### What you are asked to do:
Starting with the line that contains "Maersk Posts Higher", copy every line through the end of the listing, exactly and only those. No pictures should appear in the copy.

### Data block:
>>>
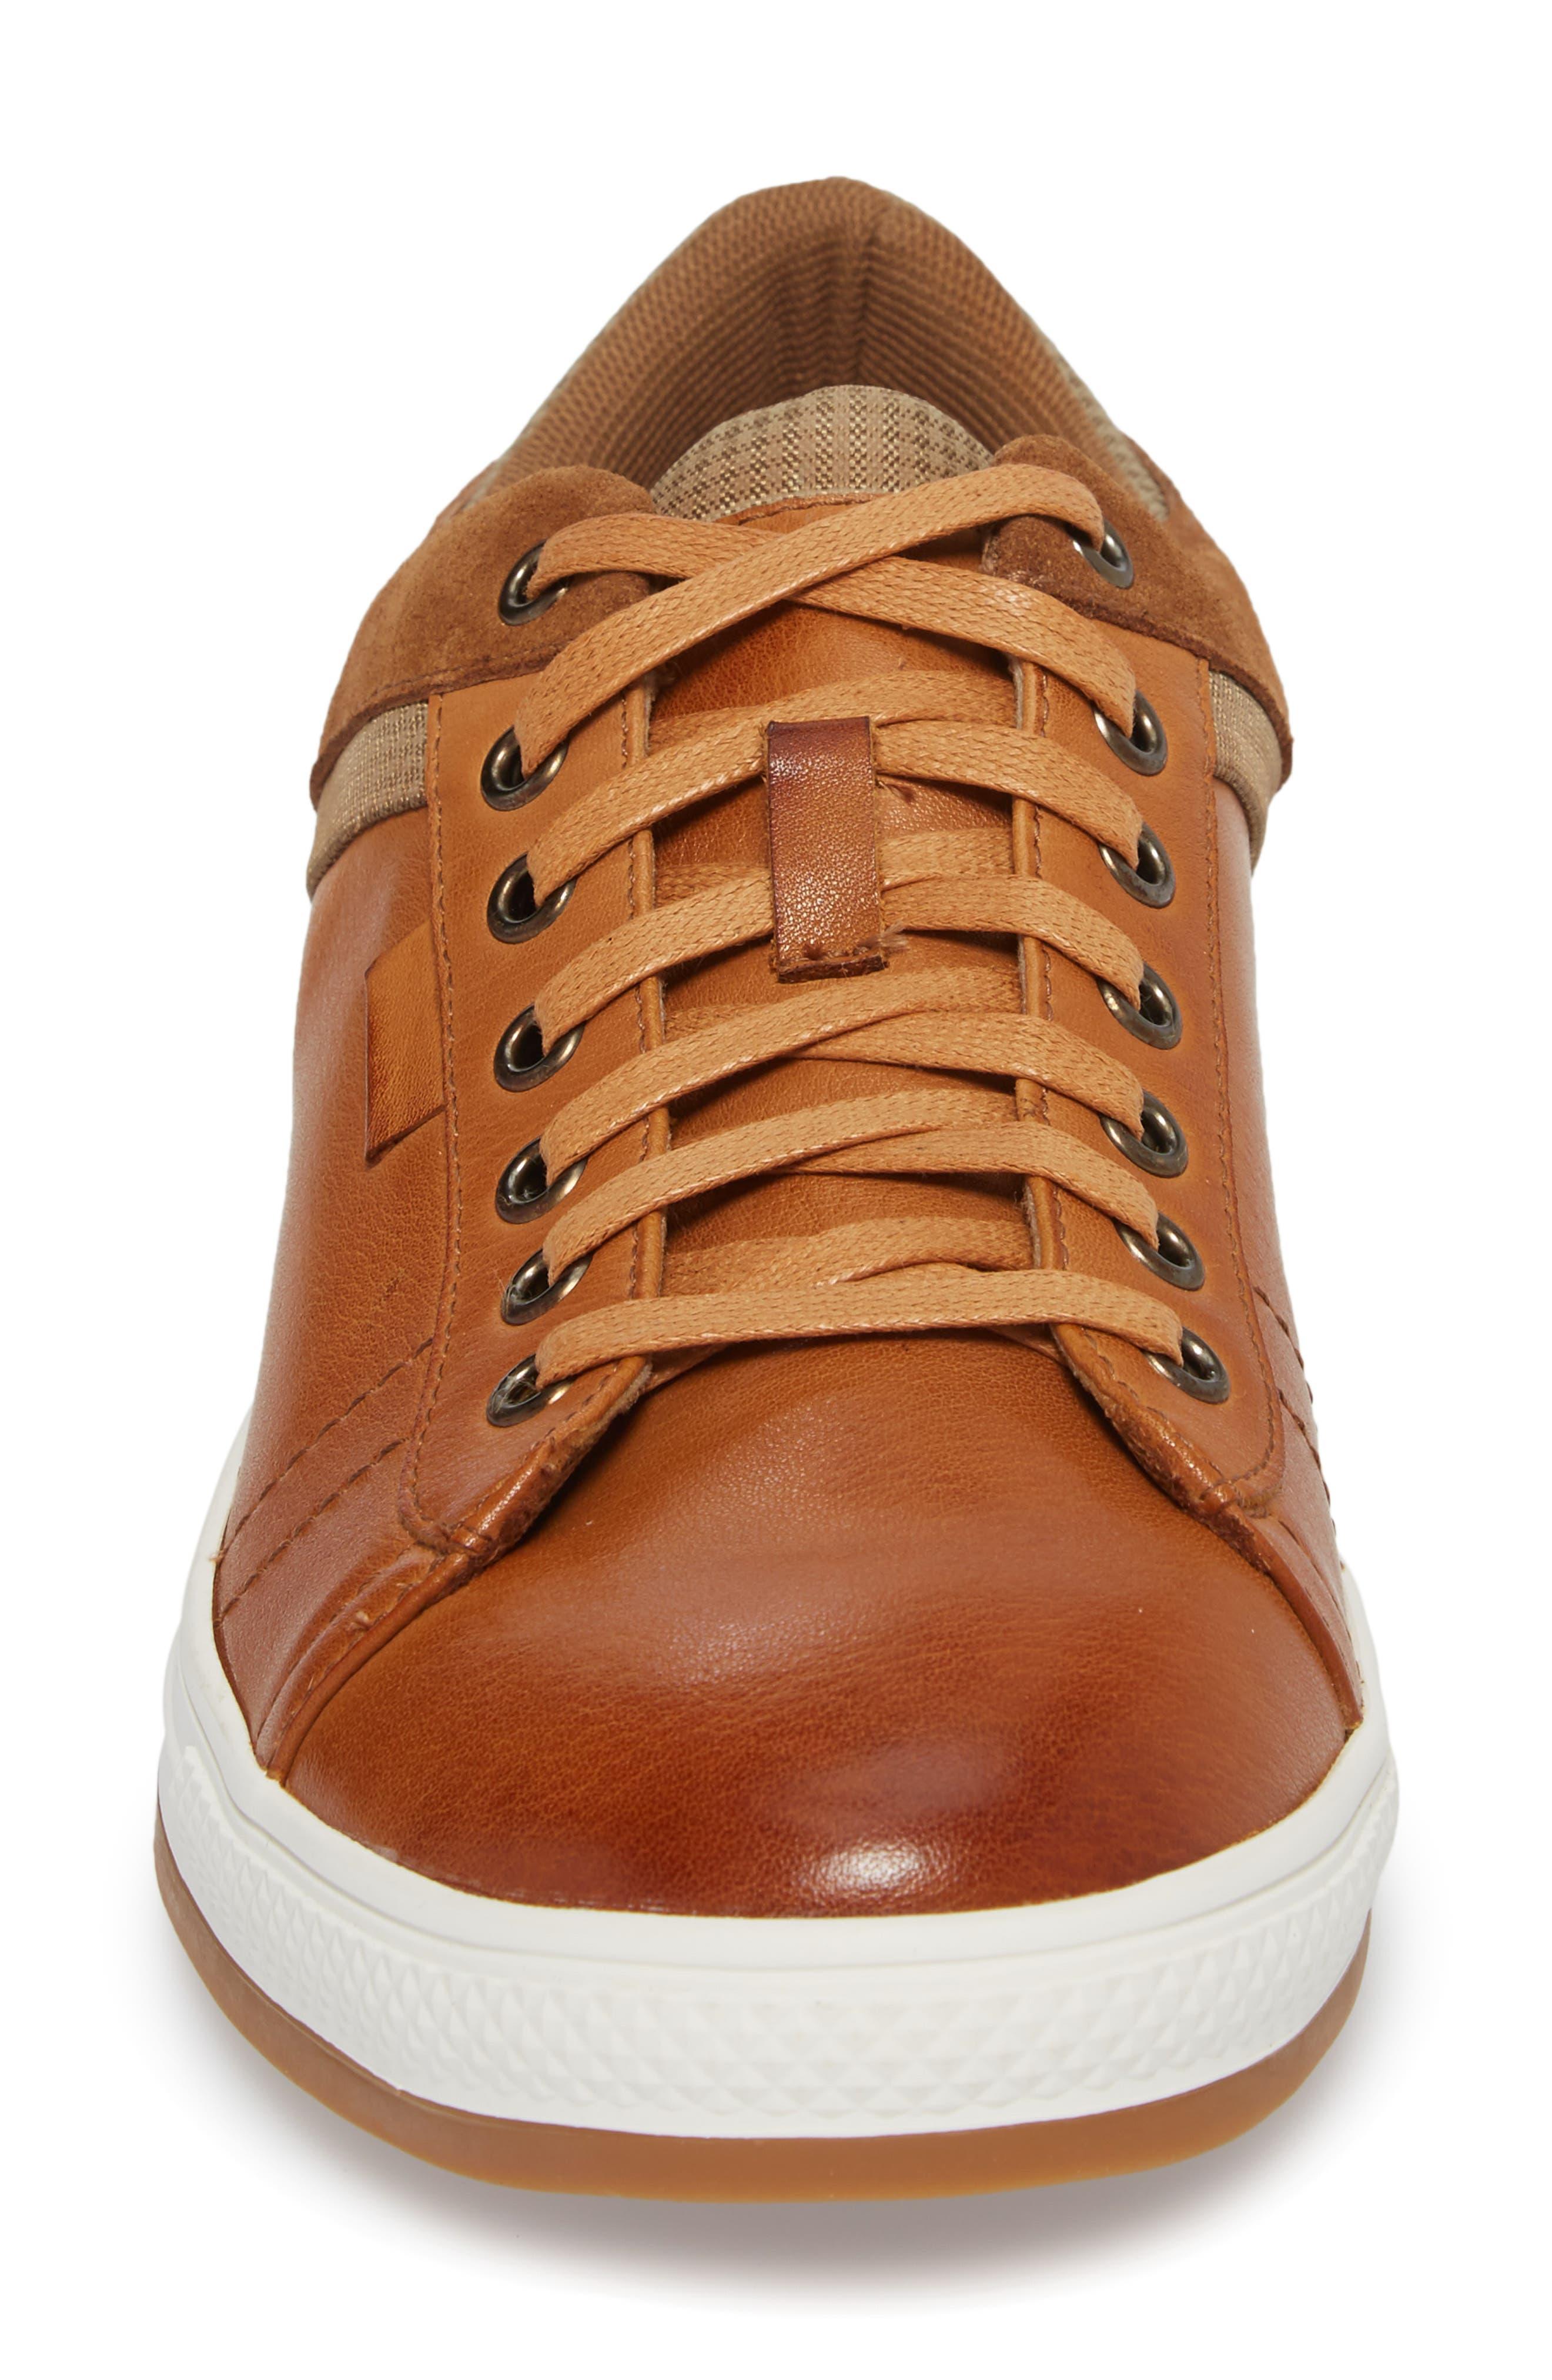 Ireton Low Top Sneaker,                             Alternate thumbnail 4, color,                             Cognac Leather/ Suede
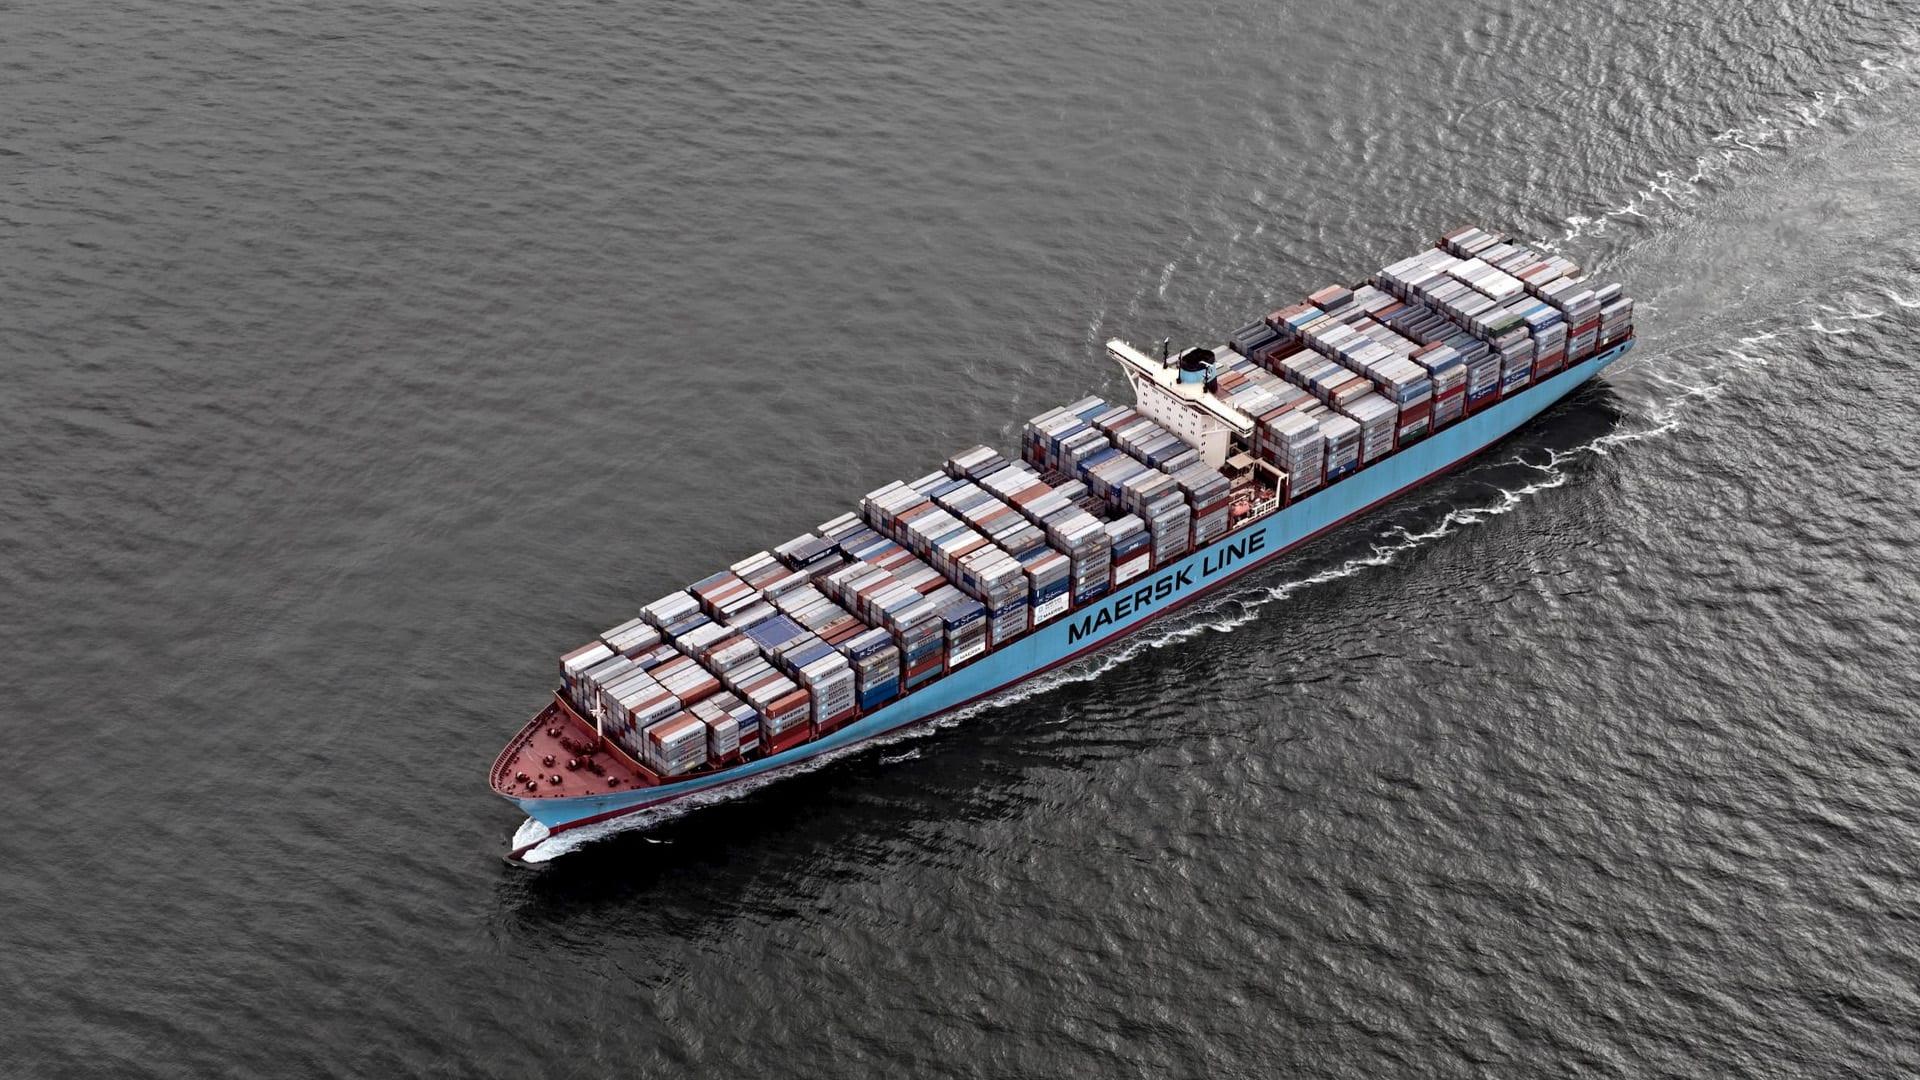 Maersk Posts Higher Earnings in 2019, Expects Weak Start of 2020 amid Coronavirus Outbreak
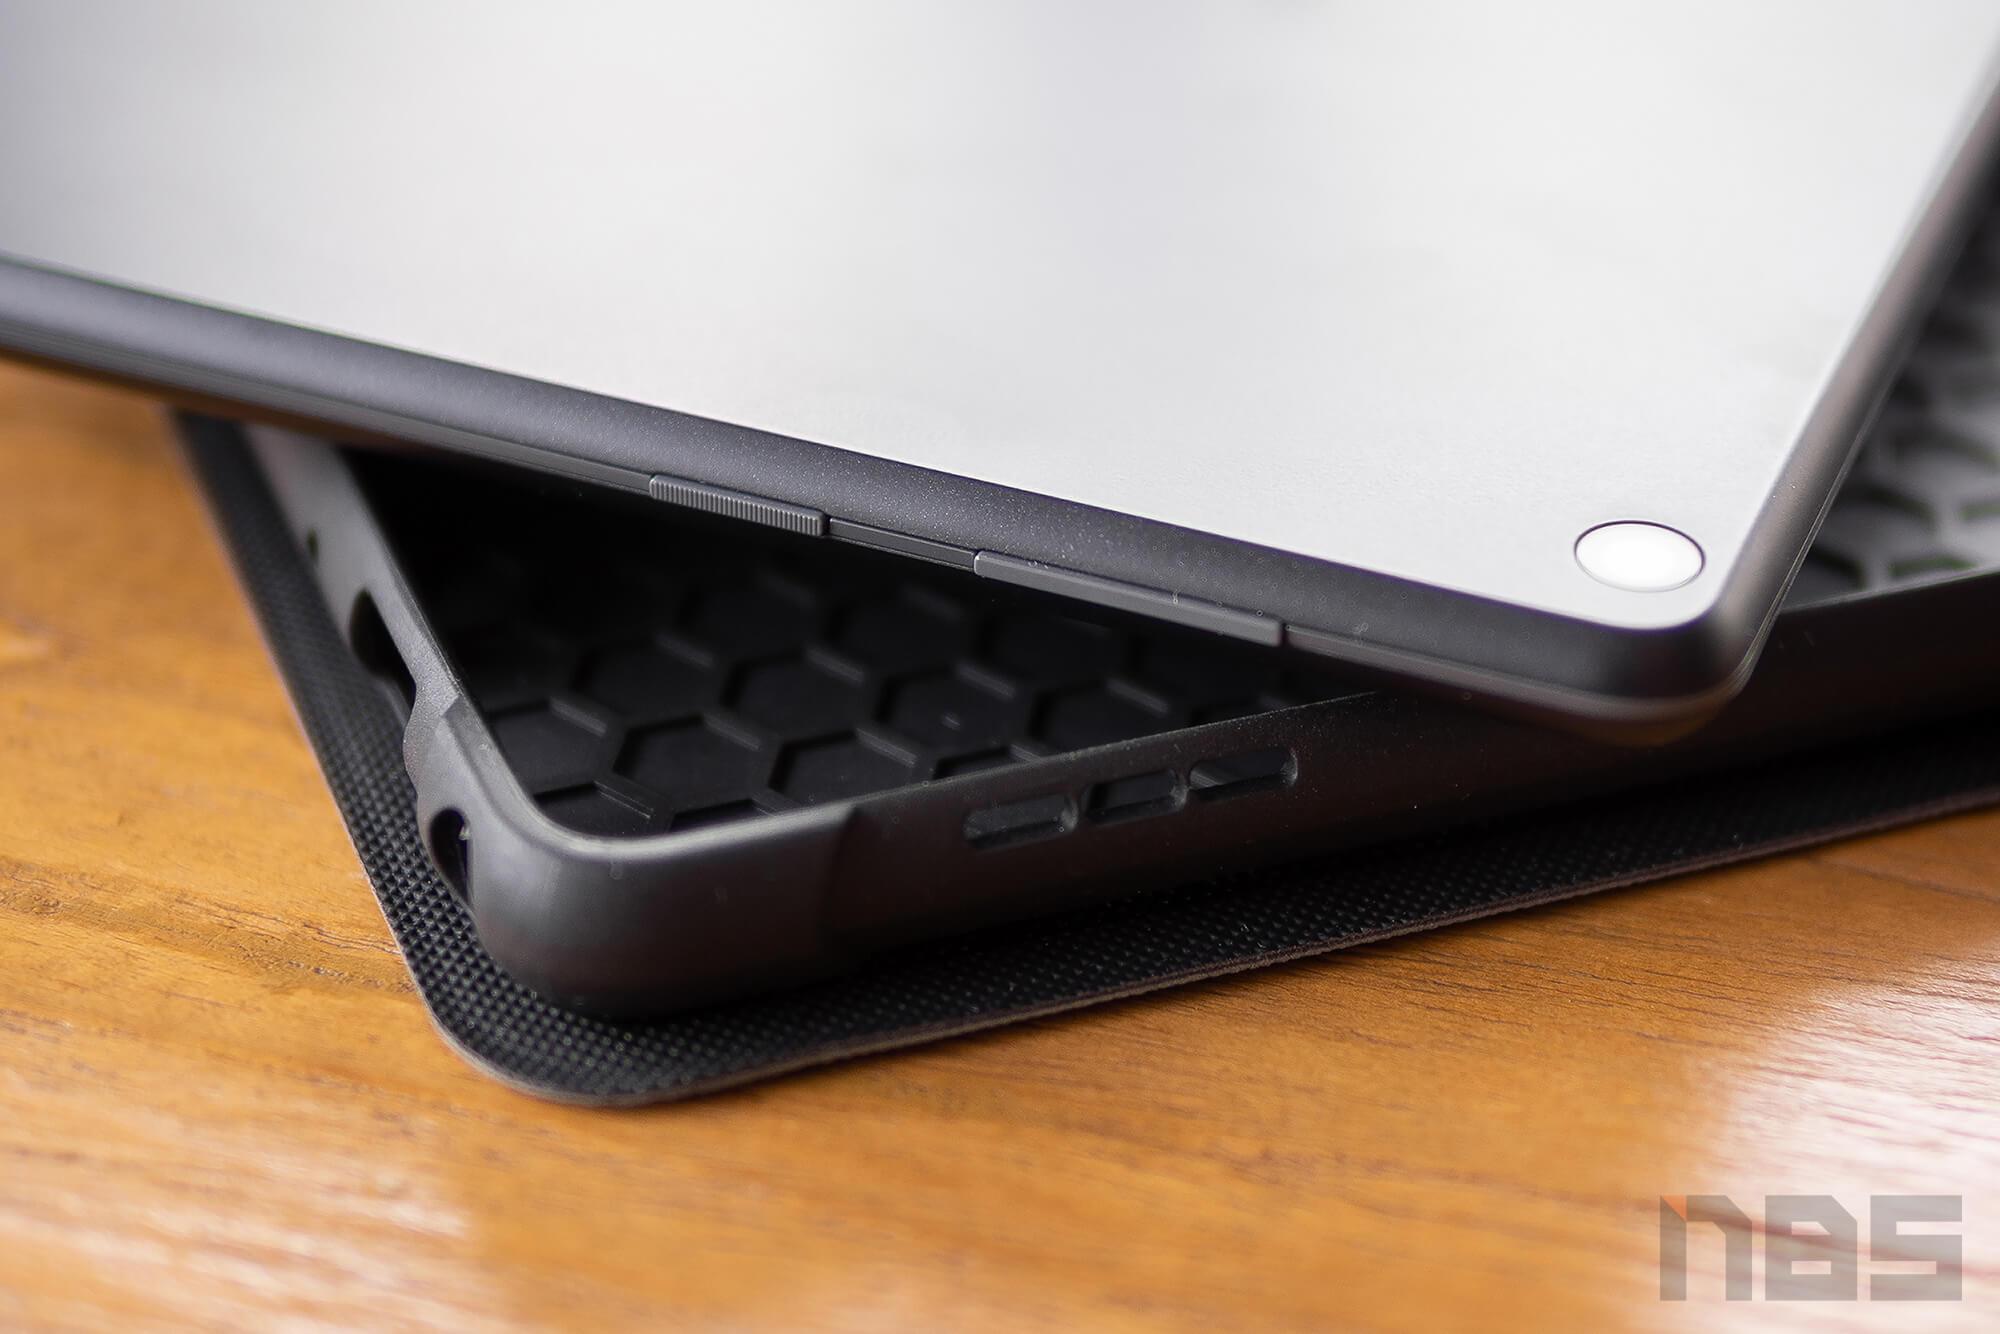 Review Lenovo Tab M10 REL FHD NotebookSPEC 10
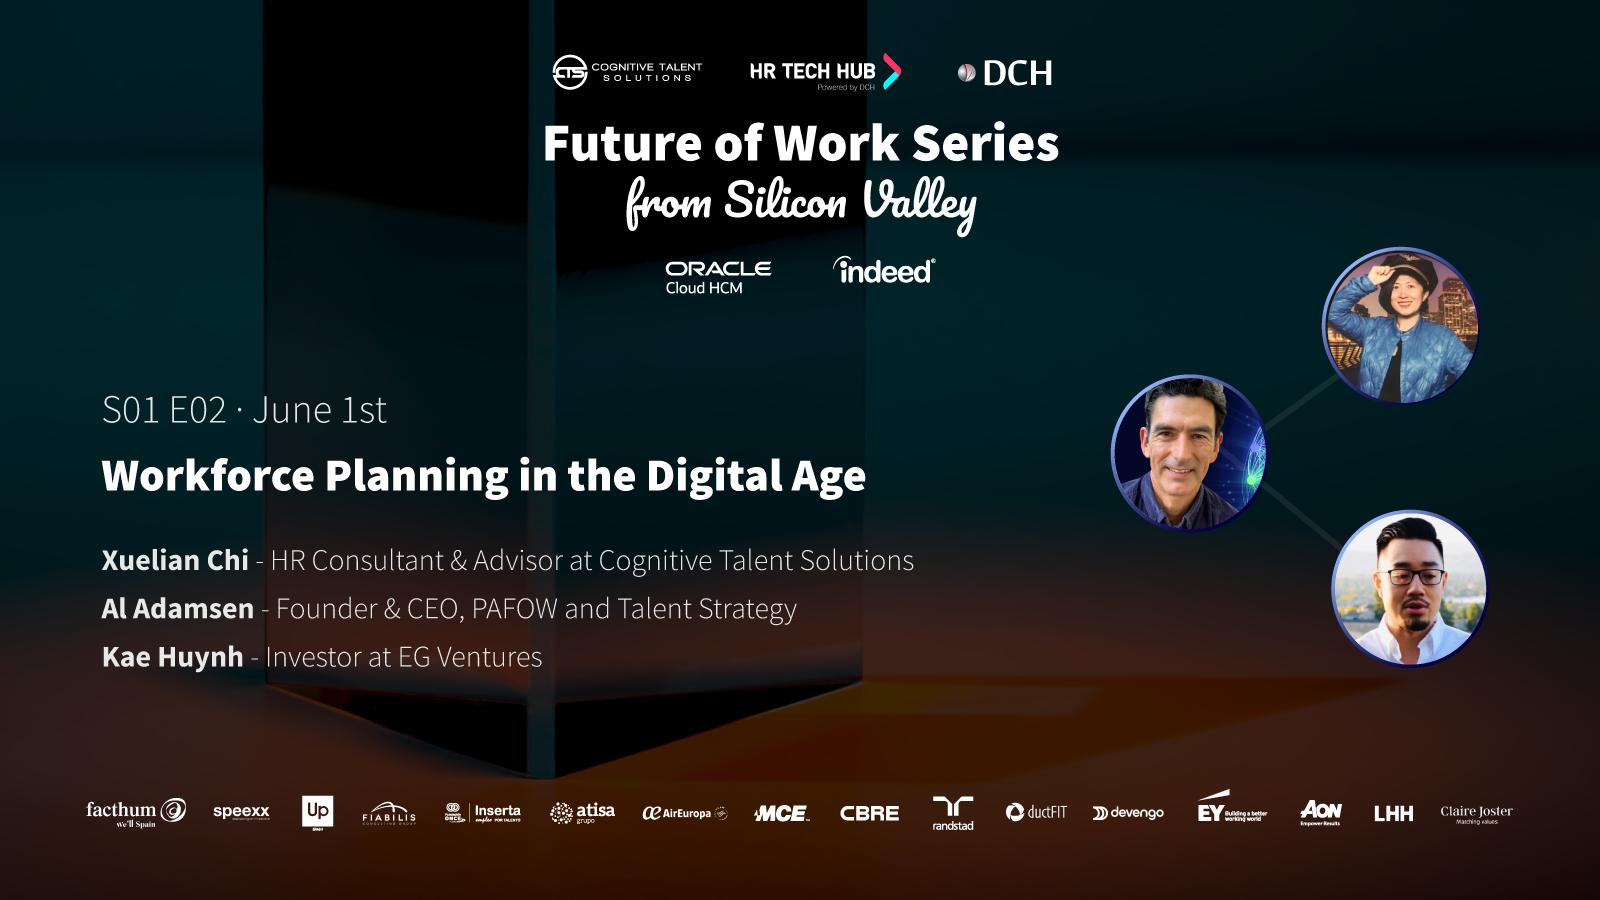 Cumbre Future of Work Series
<<<
### Written answer:
 Maersk Posts Higher Earnings in 2019, Expects Weak Start of 2020 amid Coronavirus Outbreak
 Review Lenovo Tab M10 REL FHD NotebookSPEC 10
 Cumbre Future of Work Series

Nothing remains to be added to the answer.